> EXERCISE DESCRIPTION: A word-for-word copy of the data, with no images, is the required answer.

> SUPPLIED DATA:
....
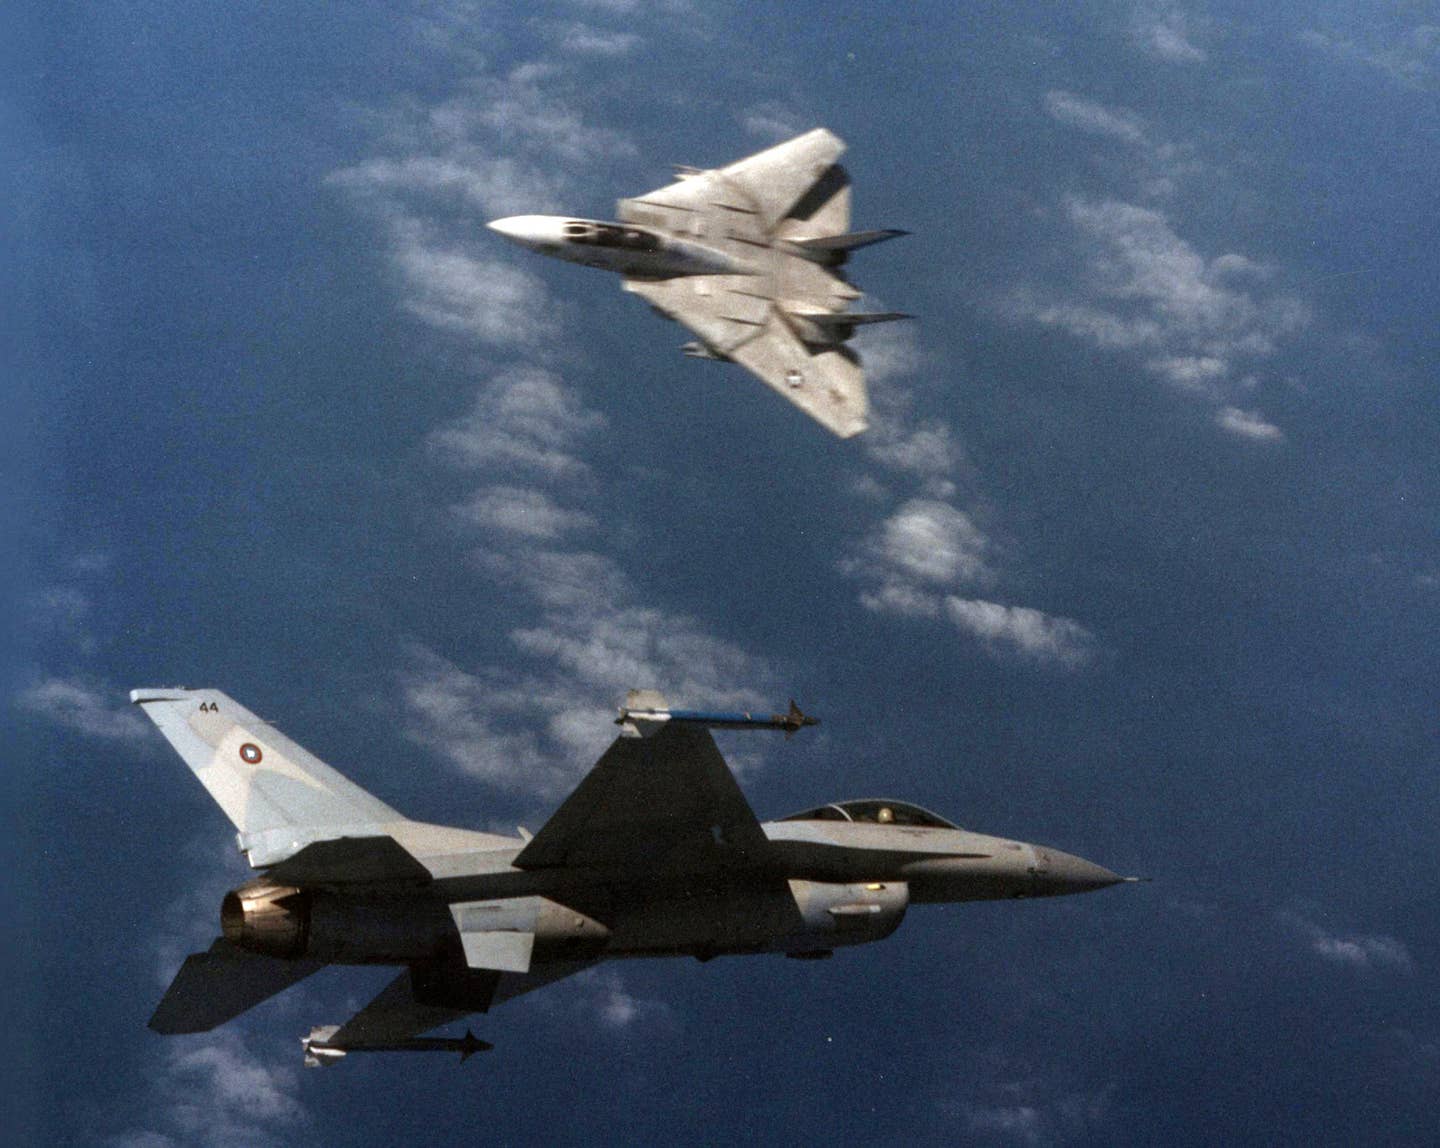 U.S. Navy Grumman F-14A Tomcat of Fighter Squadron 213 (VF-213) "Black Lions" engages a General Dynamics F-16N <em>Viper</em> aggressor aircraft during training at the Navy Fighter Weapons School (TOPGUN) at Naval Air Station Miramar, California, in March 1989.
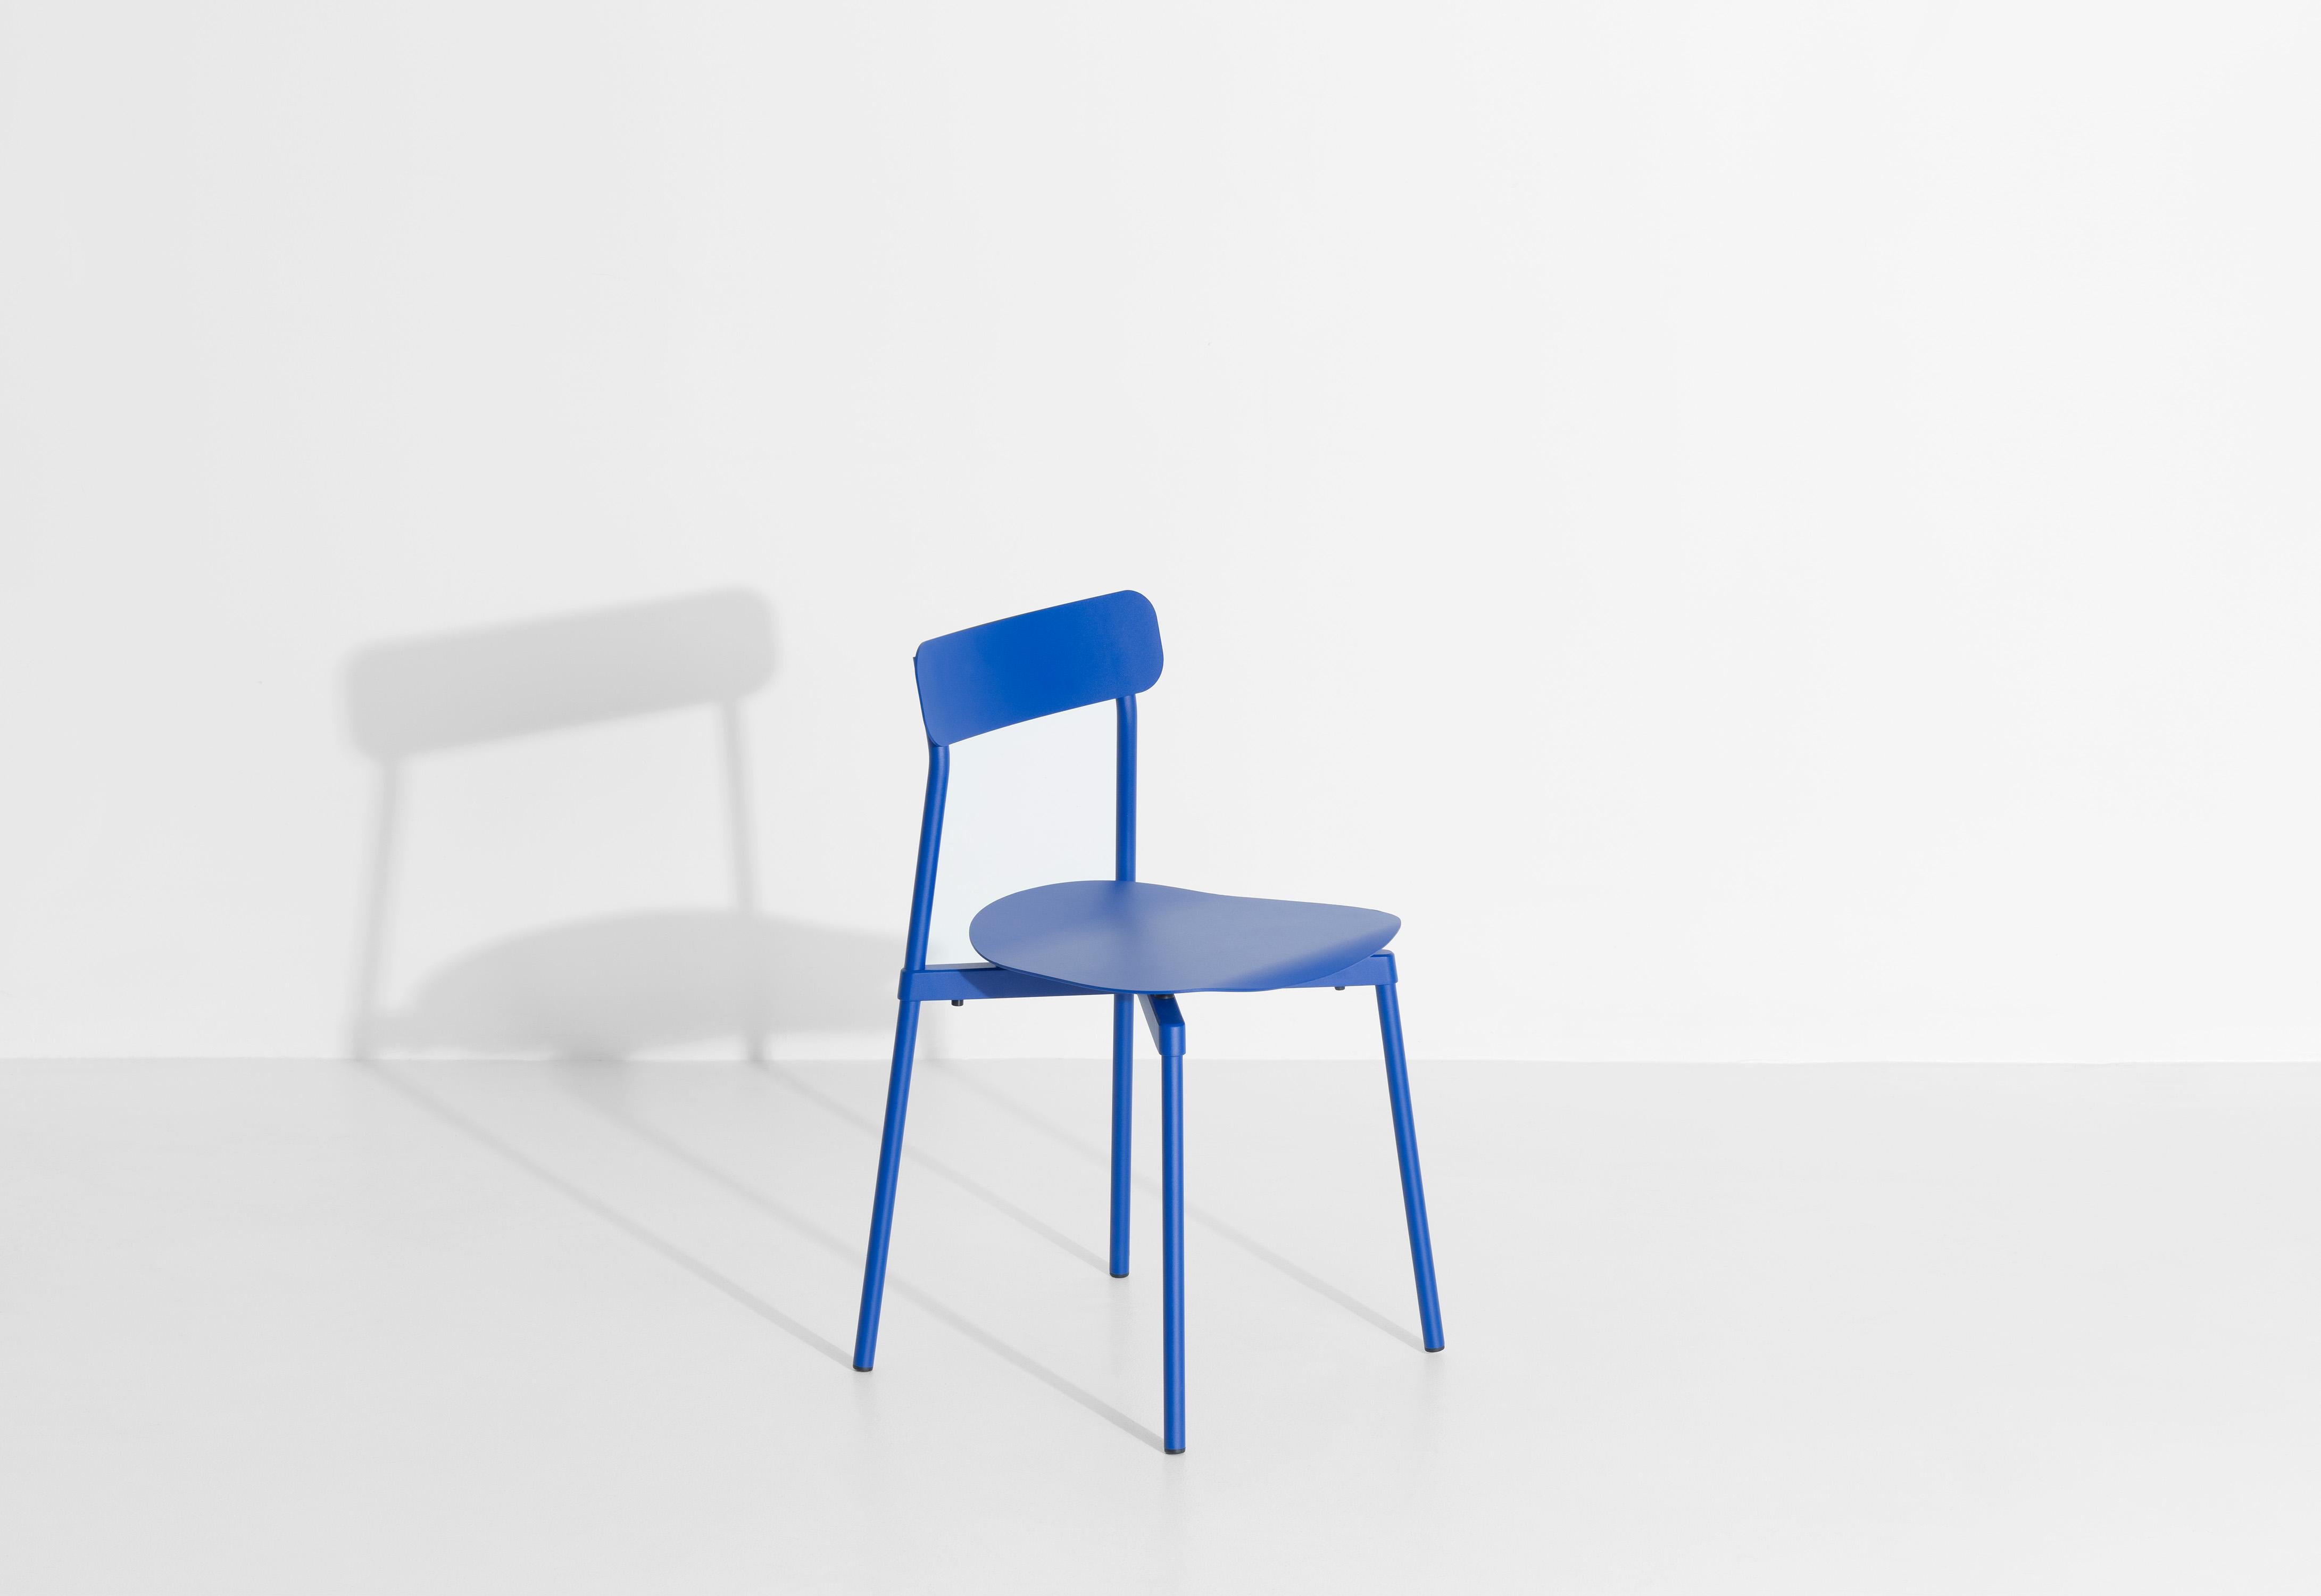 Contemporary Petite Friture Fromme Chair in Blue Aluminium by Tom Chung, 2019 For Sale
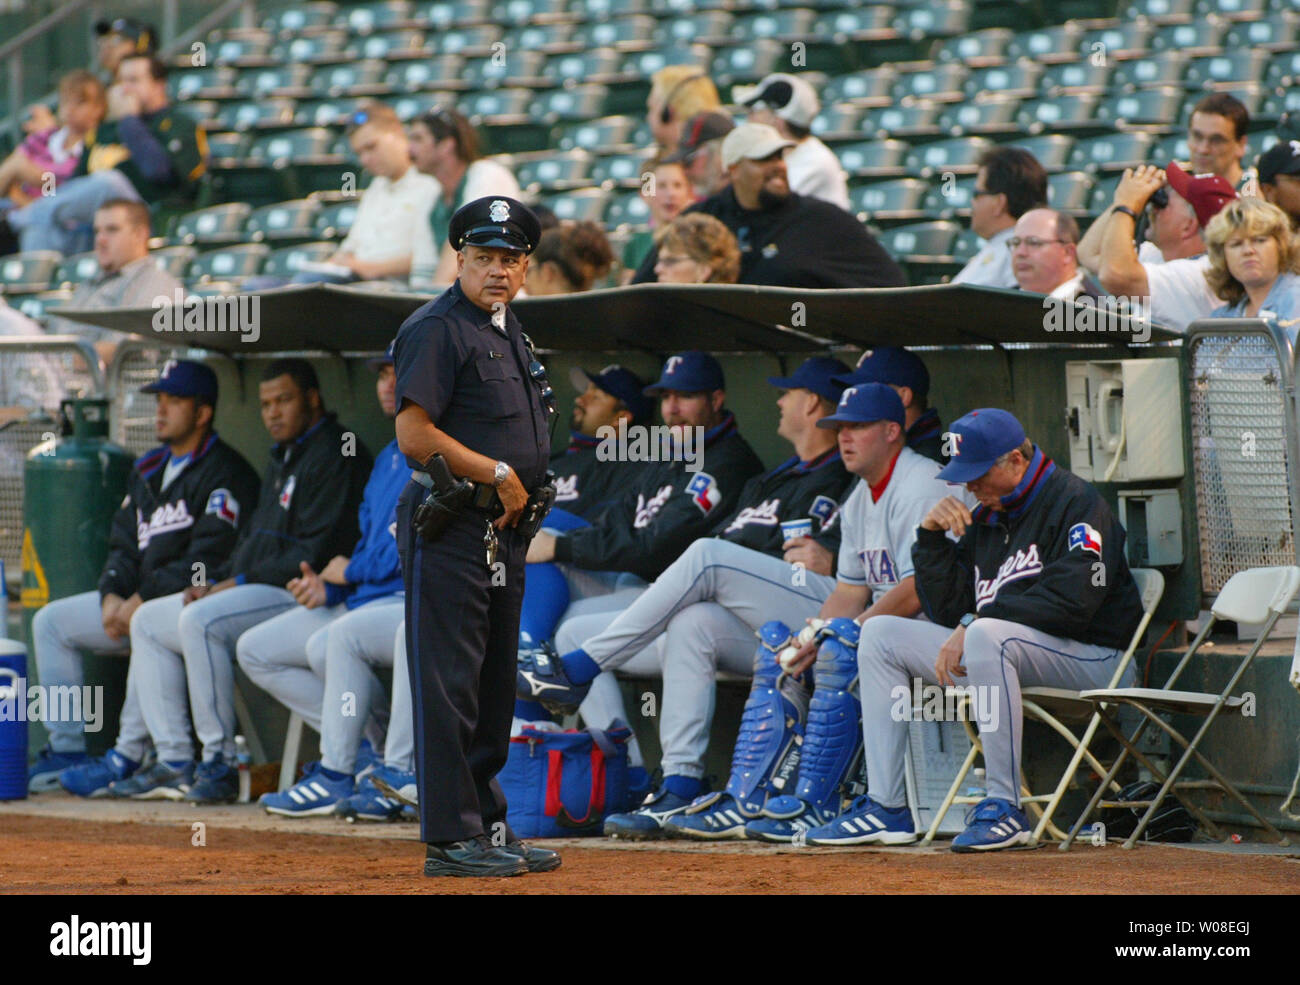 Oakland Police officer Rudy Villegas stands guard by  the Texas Rangers bullpen during a game against the Oakland Athletics on September 14, 2004 in Oakland, CA. Extra security was added to the game after an altercation the night before between Rangers players and fans saw a chair thrown, a fan bloodied and Texas Rangers relief pitcher Frank Francisco  booked by the Oakland Police for aggravated battery.  (UPI Photo/Bruce Gordon) Stock Photo
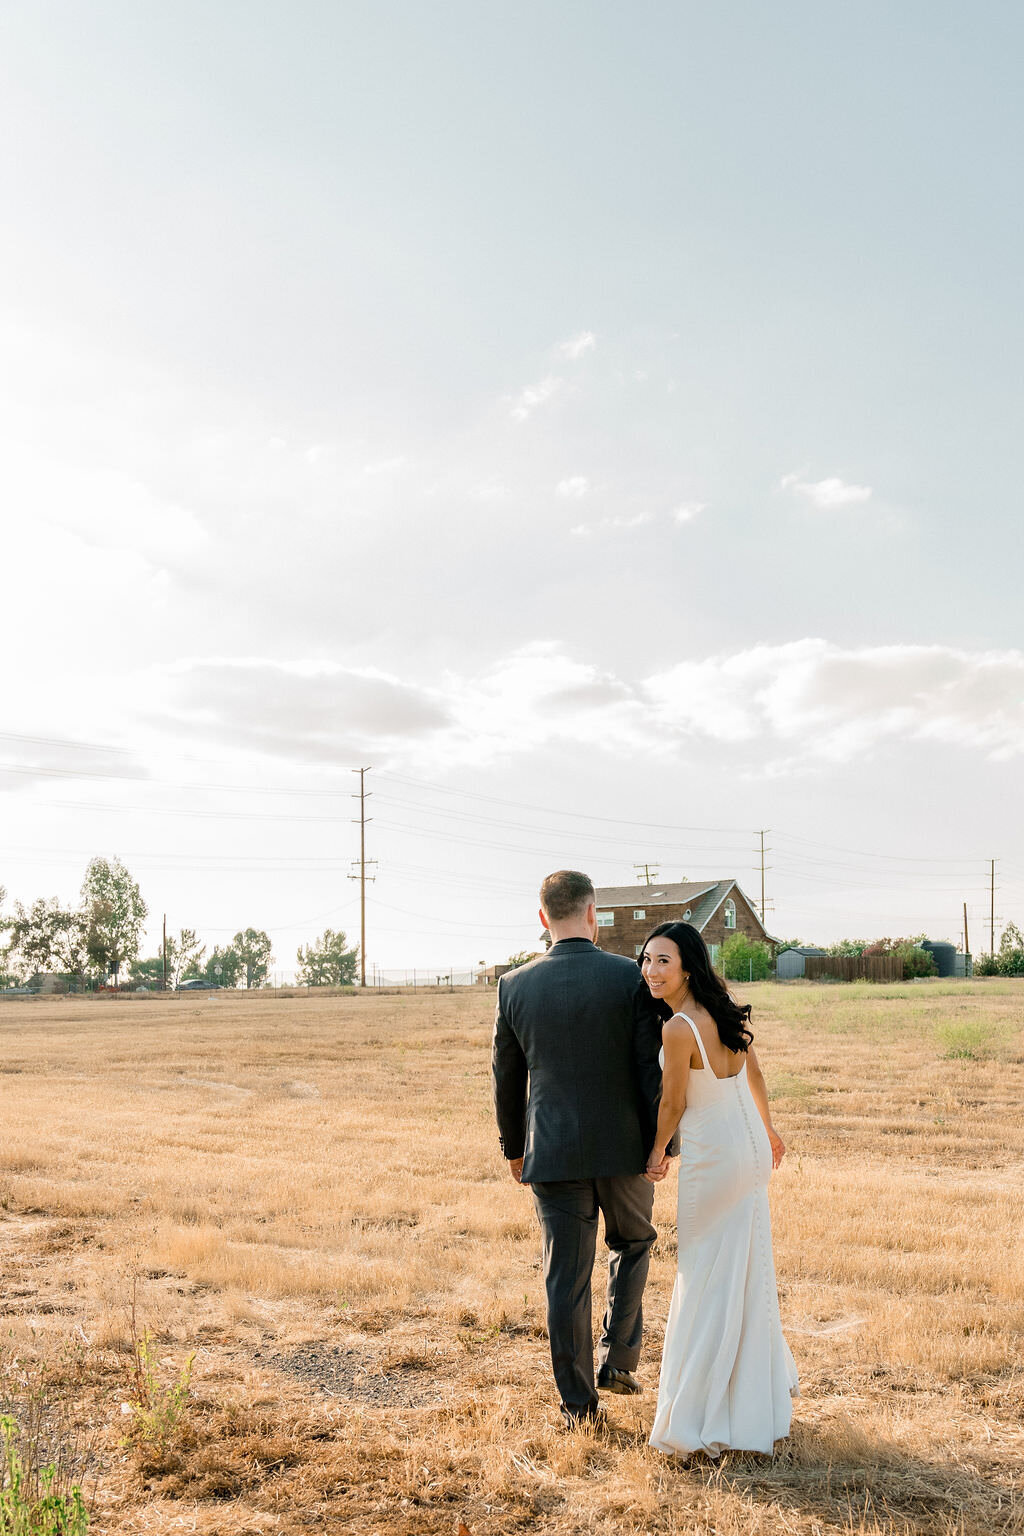 couple walking in a field as the bride looks back over her shoulder
....
> REPLY:
 U.S. Navy Grumman F-14A Tomcat of Fighter Squadron 213 (VF-213) "Black Lions" engages a General Dynamics F-16N <em>Viper</em> aggressor aircraft during training at the Navy Fighter Weapons School (TOPGUN) at Naval Air Station Miramar, California, in March 1989.
 Contemporary Petite Friture Fromme Chair in Blue Aluminium by Tom Chung, 2019 For Sale
 Oakland Police officer Rudy Villegas stands guard by  the Texas Rangers bullpen during a game against the Oakland Athletics on September 14, 2004 in Oakland, CA. Extra security was added to the game after an altercation the night before between Rangers players and fans saw a chair thrown, a fan bloodied and Texas Rangers relief pitcher Frank Francisco  booked by the Oakland Police for aggravated battery.  (UPI Photo/Bruce Gordon) Stock Photo
 couple walking in a field as the bride looks back over her shoulder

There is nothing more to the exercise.